Doki is an undetected backdoor for Linux systems, used to execute code by the hackers. It utilizes a unique domain generation algorithm based on Dogecoin, the report revealed. Being multi-threaded, it creates a separate thread upon execution, allowing it to handle all C2 communications.

The hackers are able to control which address the malware contacts by transferring a specific amount of Dogecoin from their digital currency wallet. By controlling the wallet, the hacker is able to switch the domain at will.

The use of the Dogecoin database has given Doki an edge over other malware payloads, the report claimed, stating, “Since the blockchain is both immutable and decentralized, this novel method can prove to be quite resilient to both infrastructure takedowns from law enforcement and domain filtering attempts from security products.”
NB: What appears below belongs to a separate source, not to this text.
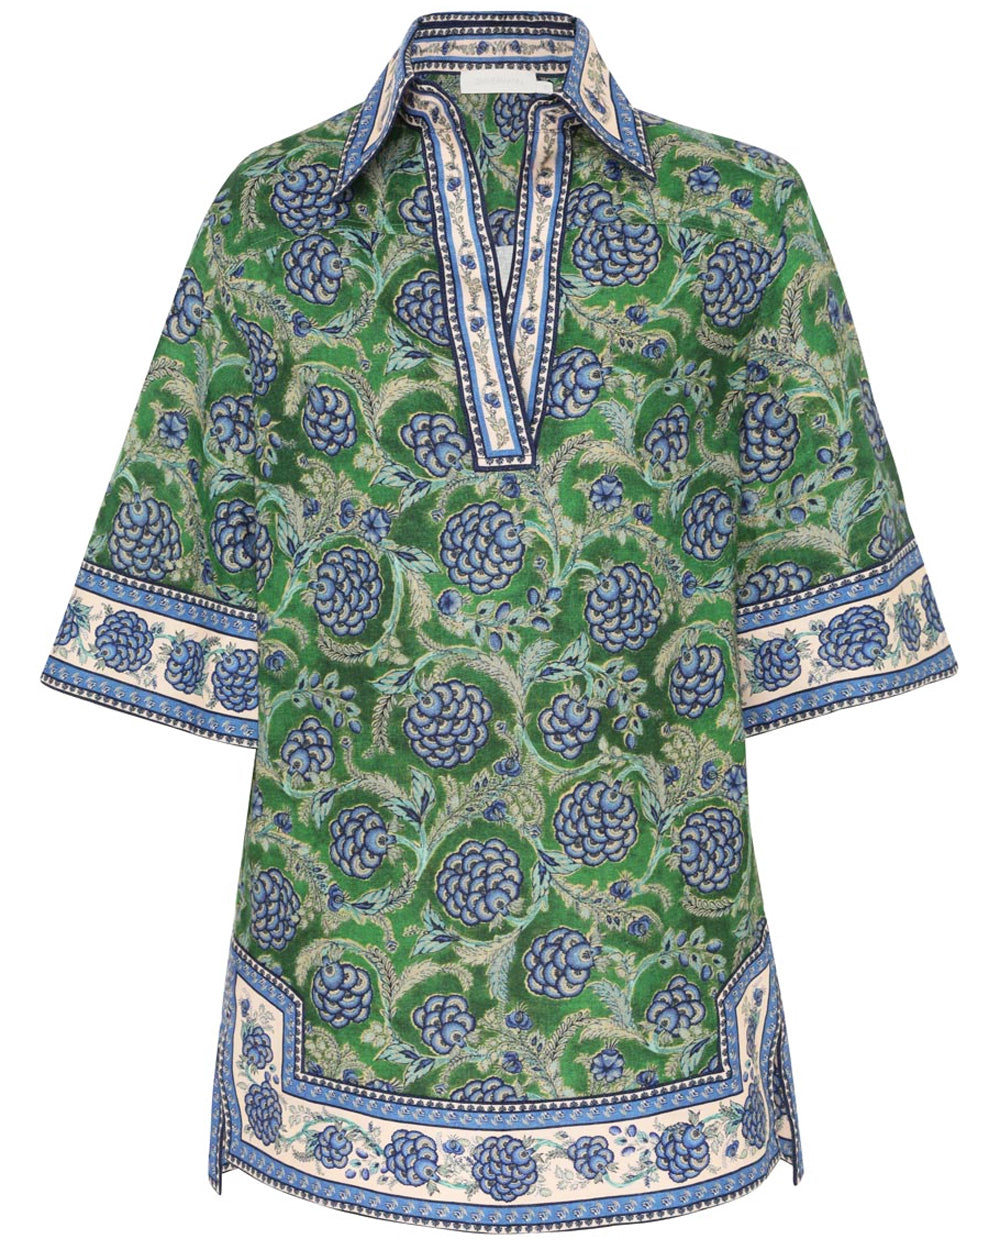 Green and Blue Junie Tunic Dress

Doki is deployed through the Ngrok botnet. This highly-effective botnet has been in operation for over two years now. It targets misconfigured Docker API ports and infects them in just a few hours.

Doki has been quite elusive, going for over six months undetected, the report states. This is despite having been uploaded to VirusTotal, a cyber-threat aggregation and analysis platform, on January 14 this year and being scanned multiple times since.

Intezer urged all companies owning container servers in the cloud to fix their configuration to prevent exposure.

Doki isn’t the first malware to exploit a blockchain. In September 2019, Trend Micro discovered that the Glupteba malware was using the BTC blockchain to keep itself alive. If a command and control (C&C) server was shut down, the hackers simply sent a BTC transaction with a new C&C server coded into the OP_RETURN field.